# cawley/lemay model 600



## wiredcycle (Sep 8, 2012)

Hi I'm new to the forums,i recently inherited a cawley/lemay model 600 beutiful woodstove and am having trouble finding anyone with the owners manual,my town hall says I need this to go by so I can hook it up saftly,any help would be apprieciated.Thanks


----------



## wiredcycle (Sep 8, 2012)

wiredcycle said:


> Hi I'm new to the forums,i recently inherited a cawley/lemay model 600 beutiful woodstove and am having trouble finding anyone with the owners manual,my town hall says I need this to go by so I can hook it up saftly,any help would be apprieciated.Thanks


Hi again,what I need to know is the manufacturers specifications if someone can help.Thanks


----------



## begreen (Sep 9, 2012)

Ask your town hall inspector if you can install it per NFPA 211 specs for an unlisted stove. If they agree then it will need 36" from combustibles in all directions. But this can be reduced to as little as 12" by using an NFPA 211 approved wall shielding method.
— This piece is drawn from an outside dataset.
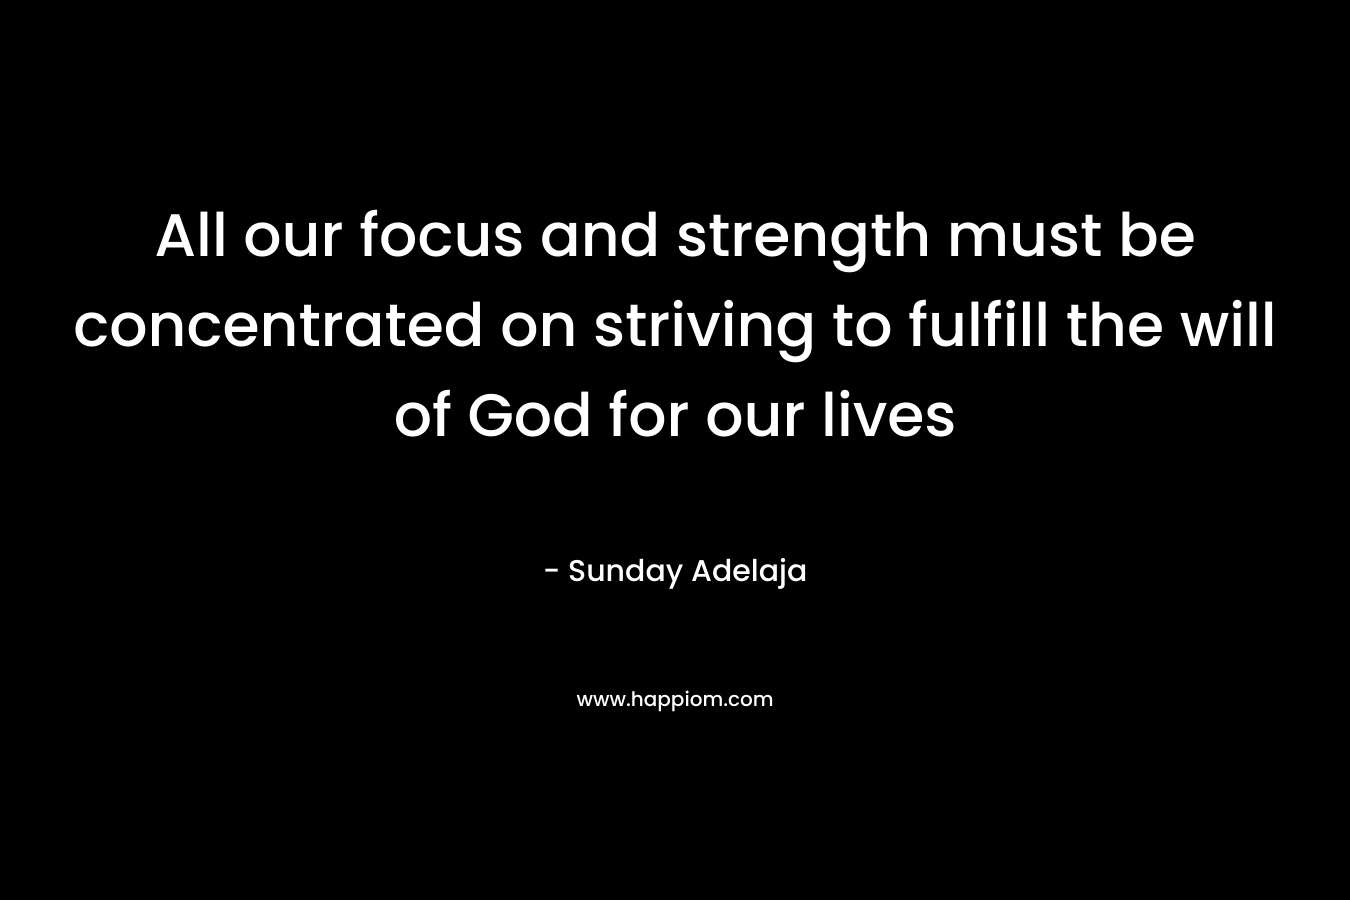 All our focus and strength must be concentrated on striving to fulfill the will of God for our lives – Sunday Adelaja

https://www.hearth.com/econtent/index.php/articles/stove_wall_clear


----------



## webbie (Sep 9, 2012)

If anyone has the manual, it's Buck:
http://stoves.com/


----------



## wiredcycle (Sep 10, 2012)

Hi everyone thanks for the replys,I have e-mailed Buck but no reply back,begreen i'll have to stop at town hall and see what they say,if at all posible they do approve it I hope my homeowners ins. will also.Thanks again.Mark


----------



## brad goodwin (Oct 1, 2012)

Hi,
I am new to this forum and Cawley LeMay...just starting to refurbish a 600 myself......not sure if you were able to get the information you needed, but I do have a copy of the original owners manual...let me know what you need and I will try to scan a copy of the pages if that will help.


----------



## webbie (Oct 1, 2012)

Brad, I would love to post a copy in our wiki for the future.....

I would be glad to scan the entire thing if you can send me a good photocopy or the original (I will return it).
I have a quick feed scanner that makes short work of these and converts them to PDF.

I can PM you my address if you can do......


----------



## wiredcycle (Oct 2, 2012)

brad goodwin said:


> Hi,
> I am new to this forum and Cawley LeMay...just starting to refurbish a 600 myself......not sure if you were able to get the information you needed, but I do have a copy of the original owners manual...let me know what you need and I will try to scan a copy of the pages if that will help.


Brad of you have the manual I would like to get the clearances that the manufacturer recomends,my local town hall want to see this. I could post my email for you.thanks.oh I should also post a pic of the stove,she's a beauty


----------